The Perch
- Location of The Perch.
- Area of search: Somerset
- Grid reference: ST480532
- Coordinates: 51°16′32″N 2°44′49″W﻿ / ﻿51.27556°N 2.74685°W
- Interest: Biological
- Area: 72.1 hectares (0.721 km^{2}; 0.278 sq mi)
- Notification date: 1990

= Perch SSSI =

Protected area in Somerset, England

The Perch is a 72.1 hectare (178.2 acre) biological Site of Special Scientific Interest close to Cheddar Gorge in the Mendip Hills, Somerset, England. It received SSSI notification in 1990.

This site is important because it supports populations of nationally rare and scarce plants, together with grassland and woodland habitats which are nationally restricted in distribution.

The site is located on the south side of the Mendip Hills occupying a position on a steep-sided ridge which runs north to south. The underlying rocks are almost entirely carboniferous limestone with a small amount of Triassic dolomitic conglomerate.

The nationally rare purple gromwell (Lithospermum purpurocaeruleum) and the nationally scarce Ivy Broomrape (Orobanche hederae) also occur. Three species of orchid occur in these grassland areas: the Green-winged Orchid (Orchis morio), the pyramidal orchid (Anacamptis pyramidalis) and the Autumn Ladies'-tresses (Spiranthes spiralis). Two nationally rare plants, the Cheddar pink (Dianthus gratianopolitanus) and the Cheddar bedstraw (Galium fleurotii) are found on this site, as are two nationally scarce species: the rock stonecrop (Sedum forsterianum) and the spring cinquefoil (Potentilla tabernaemontani).

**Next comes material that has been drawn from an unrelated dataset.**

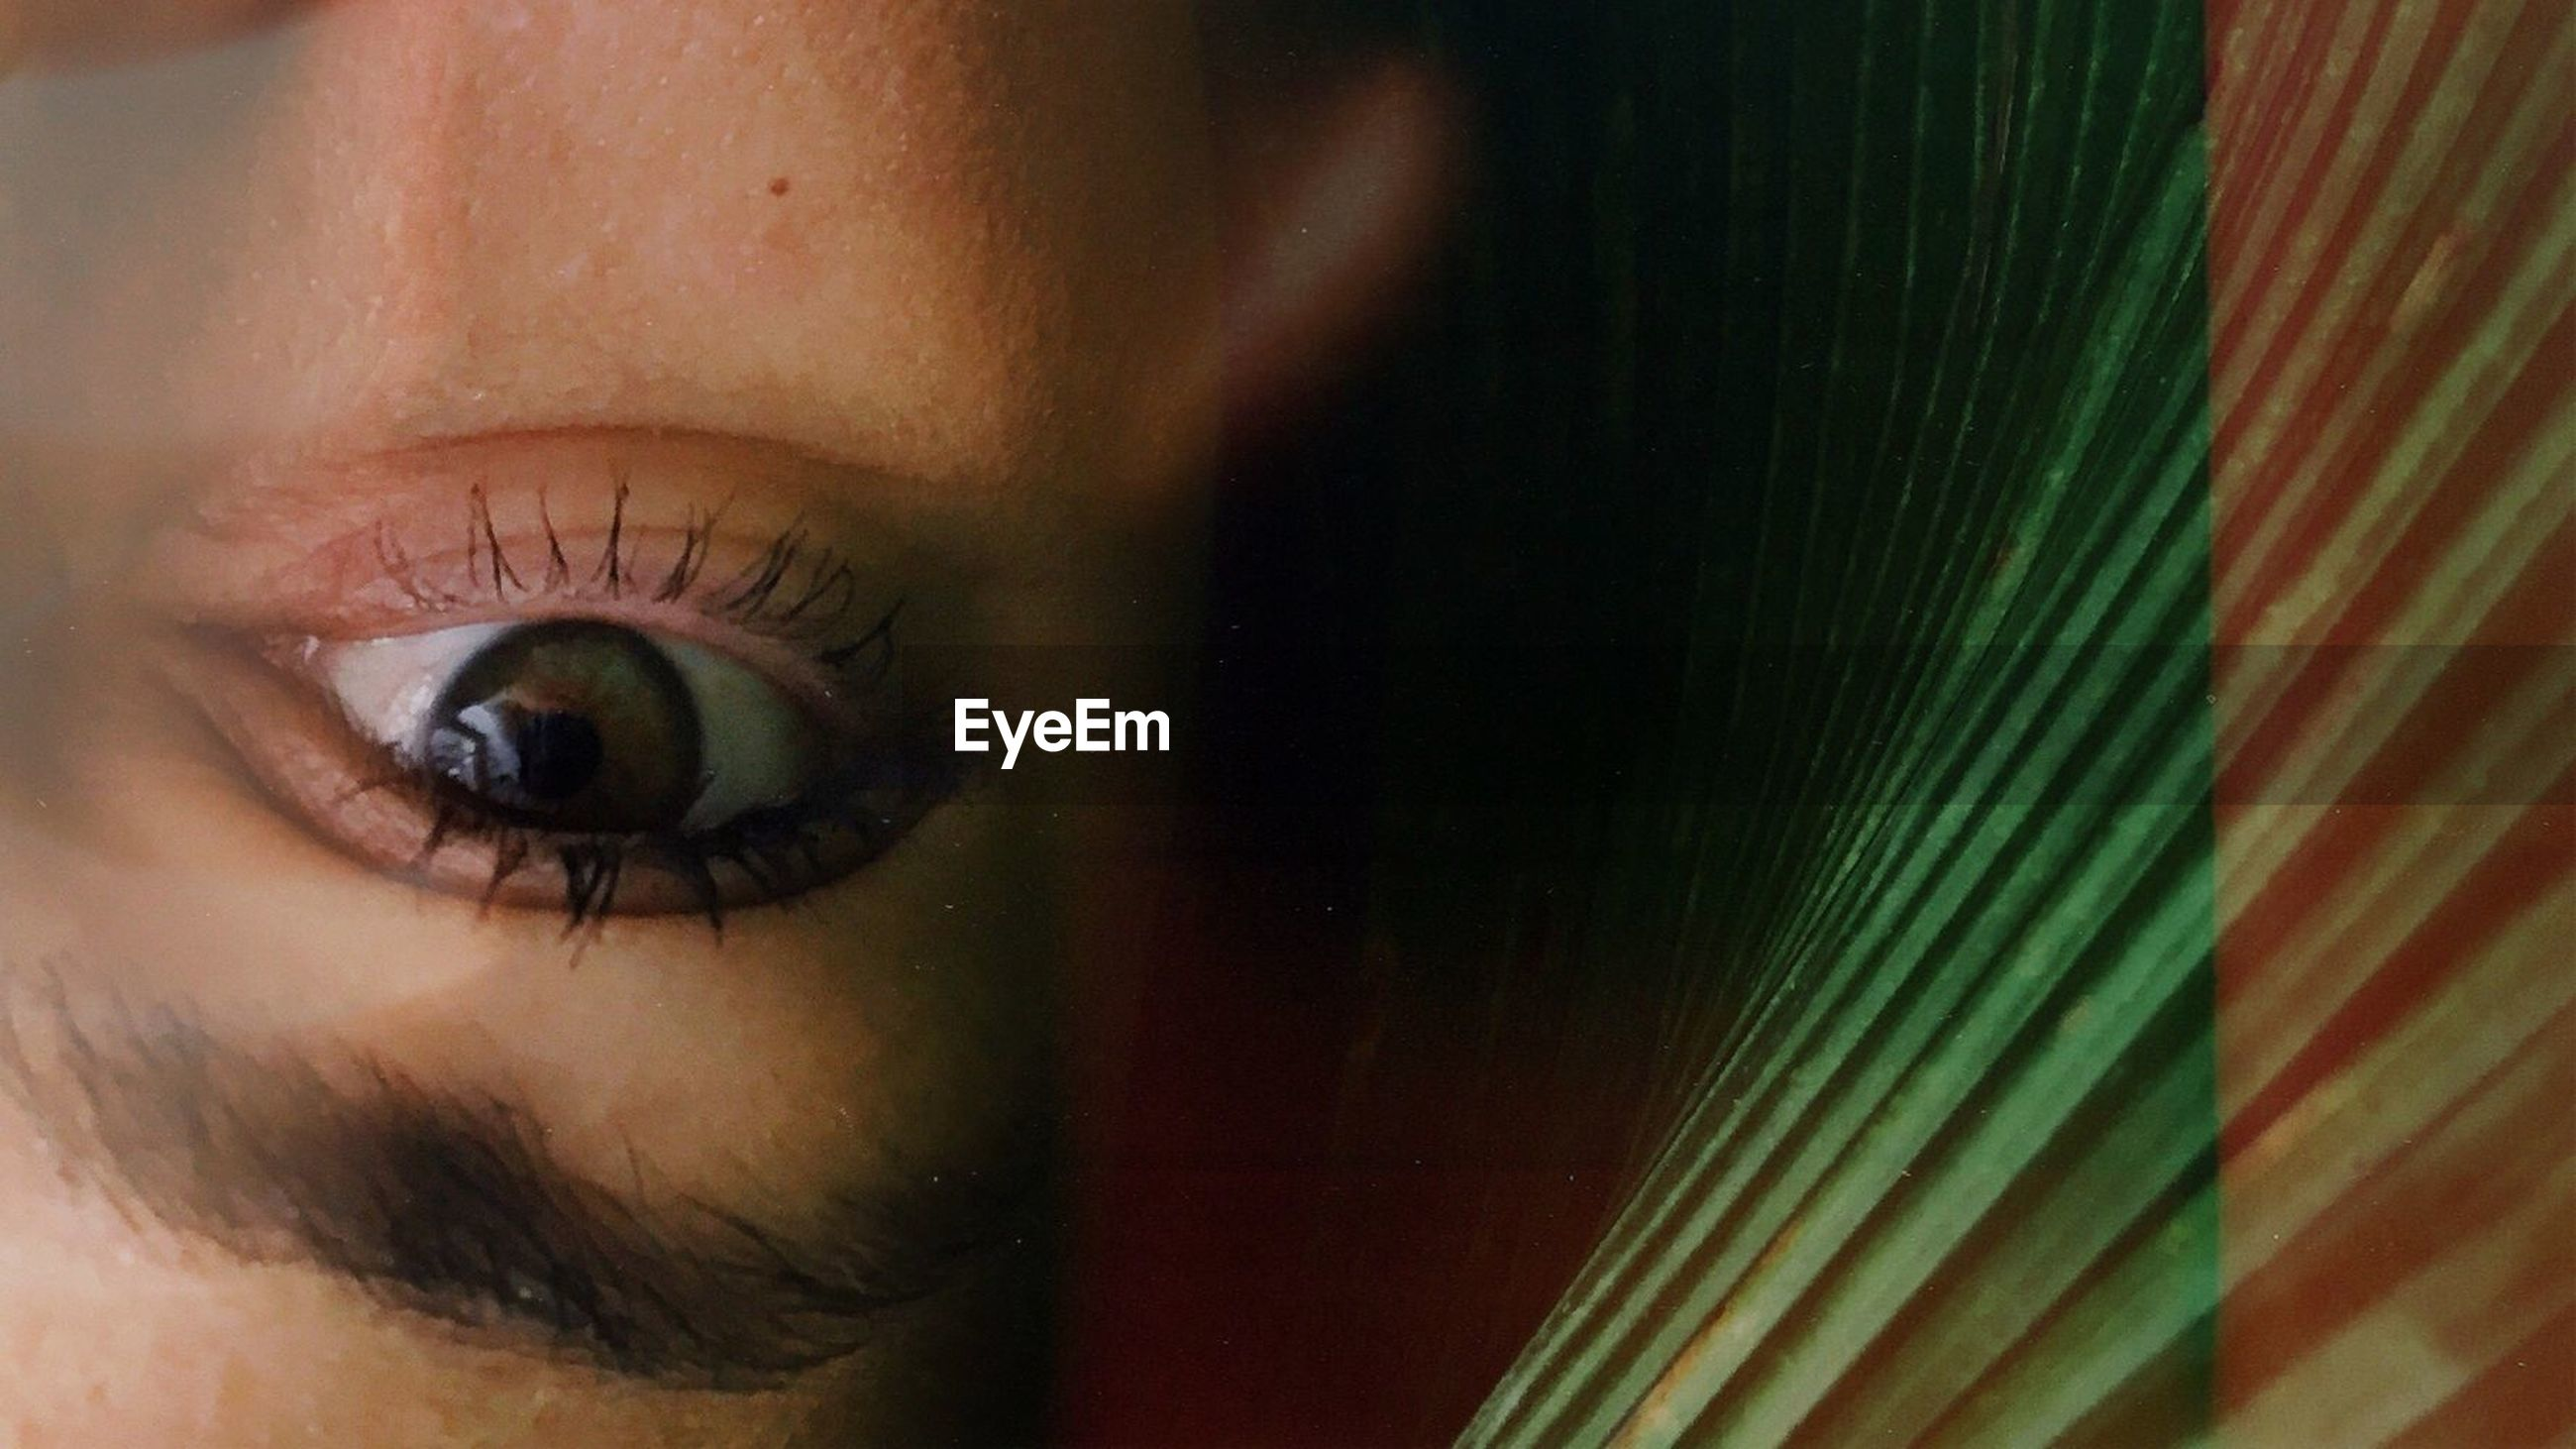 human eye, one person, eyelash, close-up, sensory perception, human body part, looking at camera, real people, eyeball, eyesight, young adult, indoors, day, people

This variety of habitats ensures that a wide range of fauna occurs on the site. In total 22 species of mammal have been recorded including a strong population of dormouse (Muscardinus avellanarius) and five species of bat, including the Greater Horseshoe bat (Rhinolophus ferrumequinum) and Lesser Horseshoe bat (Rhinolophus hipposideros) which use the site for feeding. One small roost of lesser horseshoe bats is known. Both species of horseshoe bat are nationally rare. Thirty species of birds are known to breed within this site and at least 23 species of butterfly breed here.